A buyer who needs a measurable mesh for engineering work is a photogrammetry customer. A buyer who needs a viewable scene for visualisation, walkthroughs, or training data is a neural-reconstruction customer. The split is almost that clean.
- Capture density is the hidden constraint.
Neural methods are forgiving of sparse capture; classical photogrammetry punishes it. If the engagement only allows a single drone pass or a handful of ground images, neural methods will produce a usable result where photogrammetry will not.
- Determinism still matters in regulated domains.
A photogrammetry pipeline is a sequence of well-understood steps you can audit. A trained neural reconstruction is, by definition, a function of weights and the order it saw frames.

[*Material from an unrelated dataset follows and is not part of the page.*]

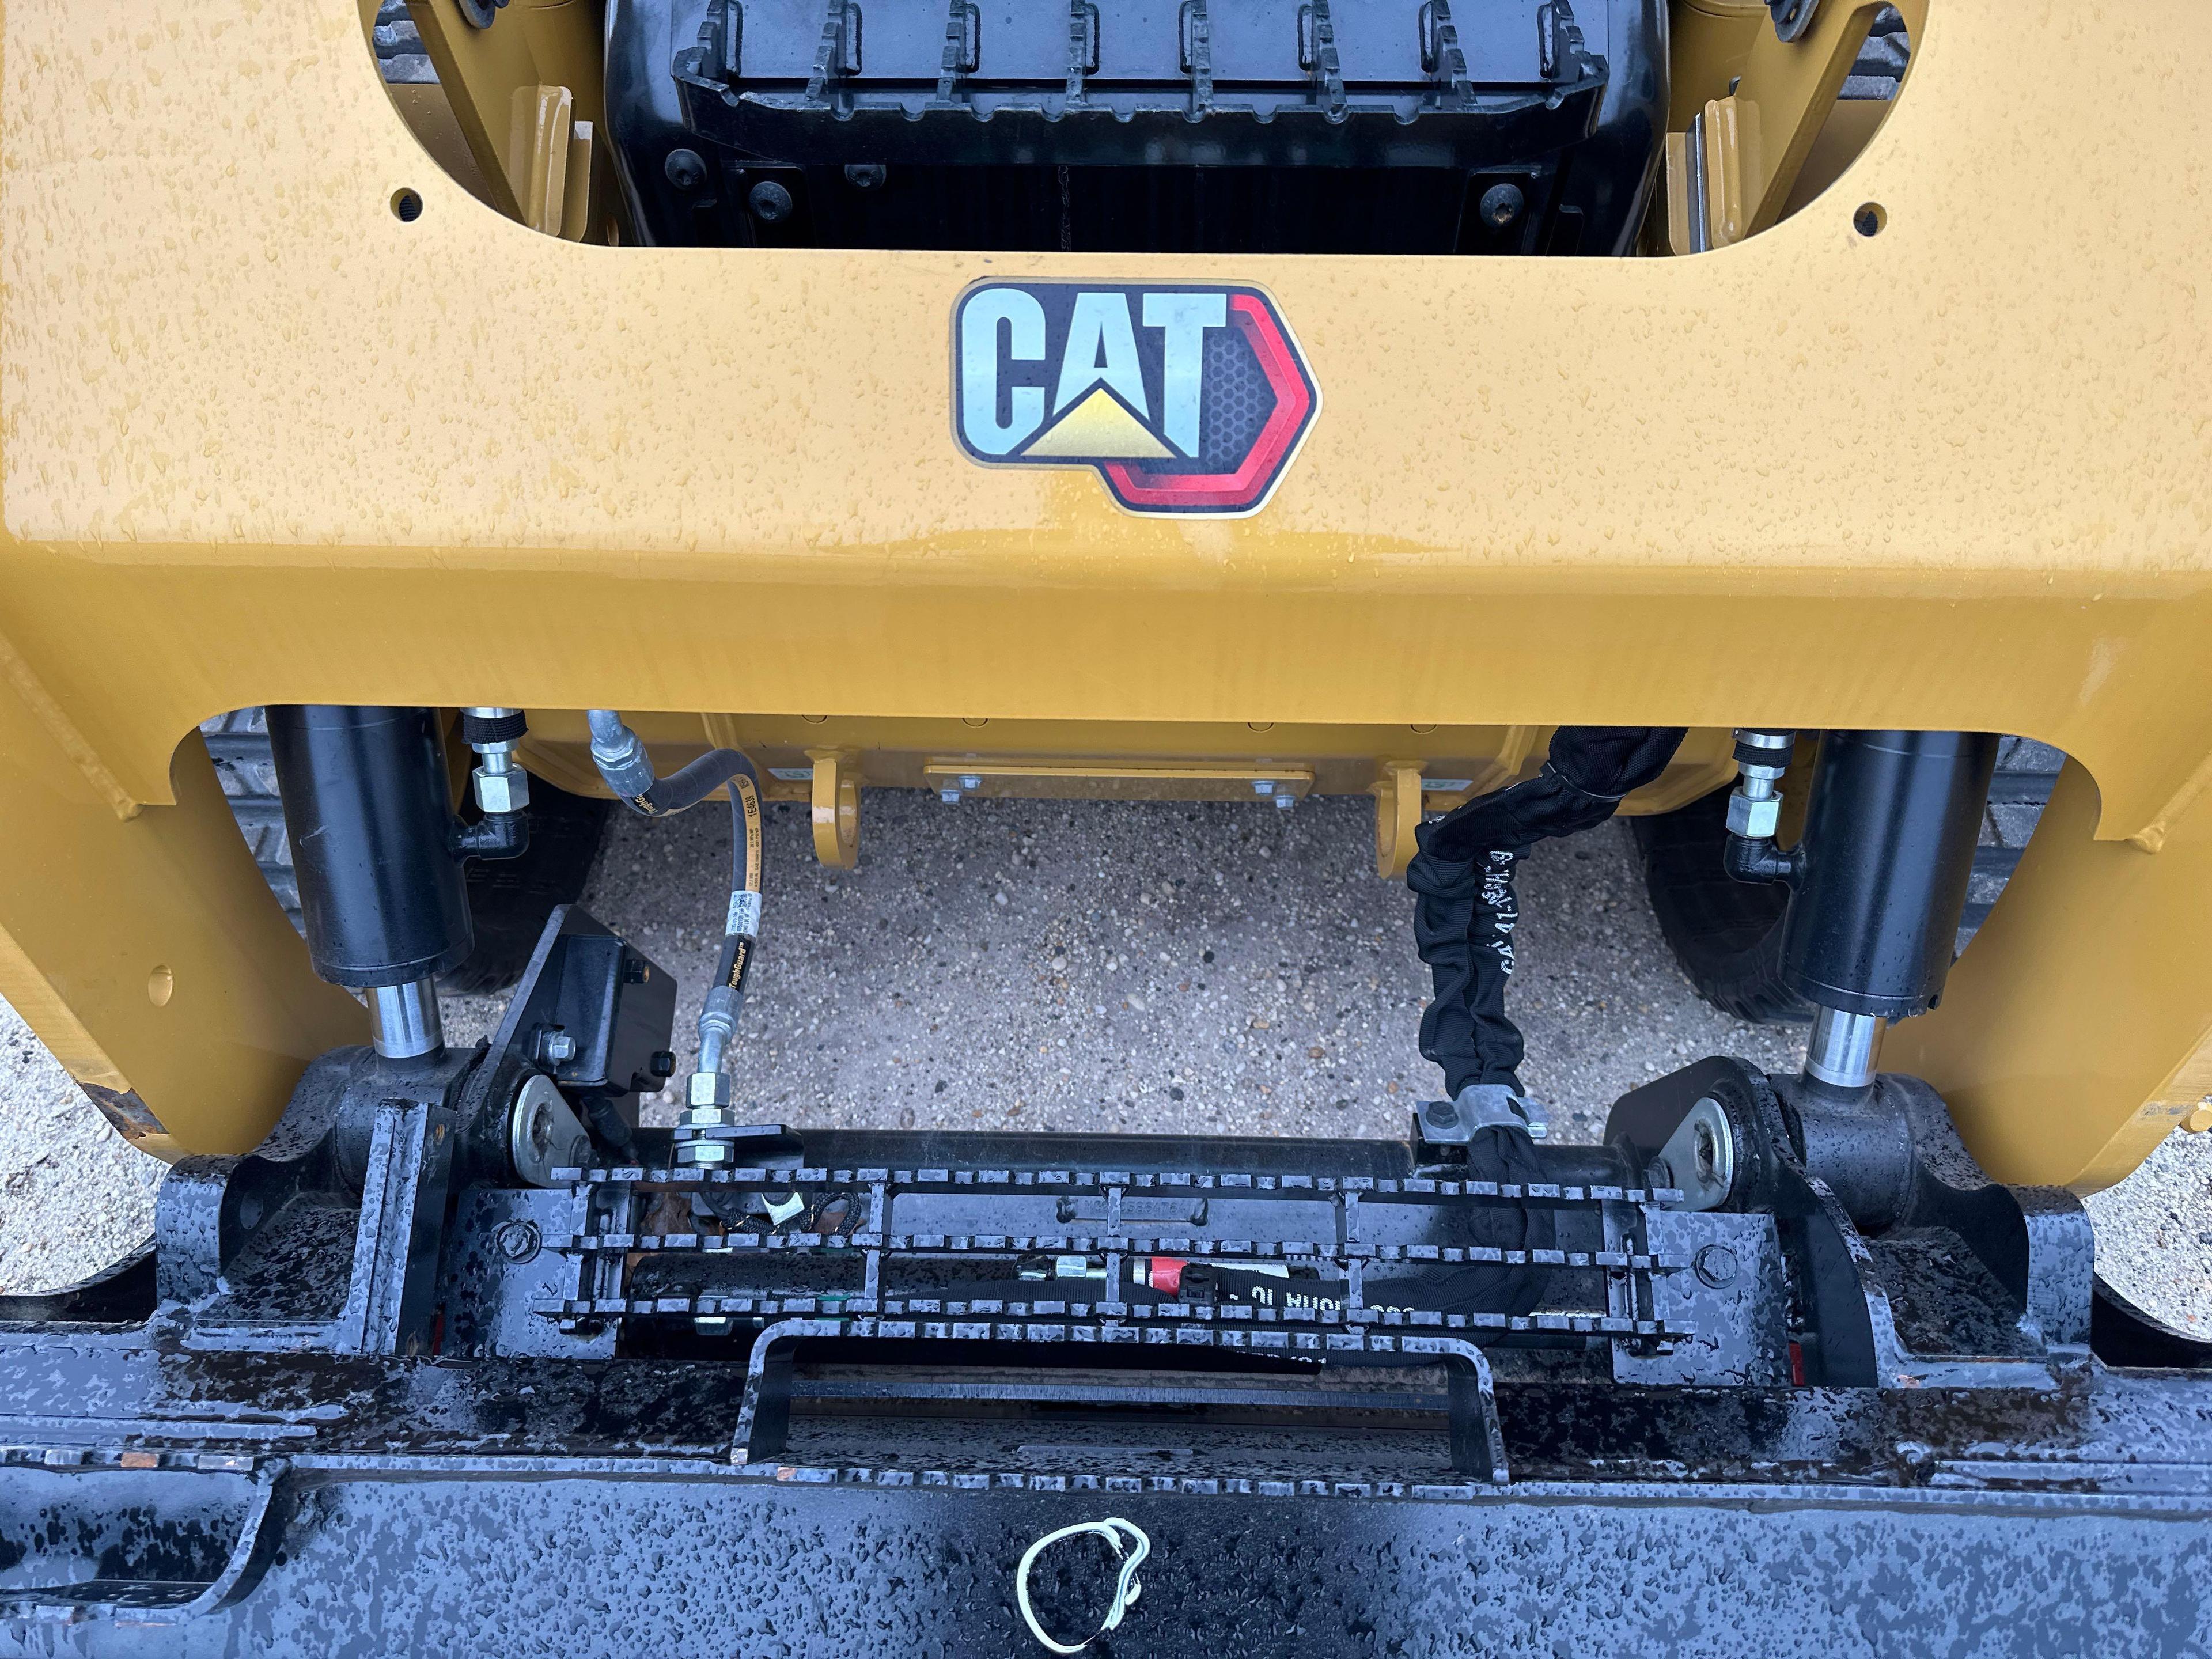 2023 CAT 259D3 RUBBER TRACKED SKID STEER powered by Cat C3.3B DIT EPA Tier 4F diesel engine, 74.3hp,

Pick the deterministic pipeline when audit and reproducibility are part of the deliverable.
- Compute is no longer a tiebreaker.
Both pipelines now run on workstation-class GPUs in reasonable time. The decision is not "which is cheaper to compute" — it is "which produces the deliverable the customer can actually use." Plan around the deliverable.
- You can fuse them.
A useful pattern: photogrammetric mesh as the metric backbone, neural splat overlay for the visualisation surface. Customer measures off the mesh, walks the scene off the splat. Costs more to build; ships a deliverable neither family can produce alone.
— AK-mee Engineering
Team thread
The fusion paragraph is where I'd push slightly harder. Recent work out of the splatting world has gotten quite good at exporting a mesh from the splat representation directly — not as good as a clean photogrammetric mesh, but close enough for a lot of "approximate measurement" cases. Worth keeping an eye on; it shifts the deterministic-vs-neural line a little every six months.
The capture-density observation is the one I wish more buyers internalised before scheduling a flight.
Mesh-from-splat is on my reading list — agreed it's moving fast. Six months ago I'd have told a measurement customer "no" without hesitation. Today I'd at least look at the residuals before I gave the same answer.
The audit-trail point is the one that lands for regulated work. A bundle adjustment with logged residuals is a thing a reviewer can read. A trained representation is not — even when it's right, you can't show your work to somebody who needs to sign off.
Adjacent failure mode I'd flag: the splat-as-deliverable case has an exfiltration angle if the customer's site is sensitive. The viewer renders the whole scene, which means the whole scene is in the asset on whatever machine is running the viewer. Worth a conversation up front.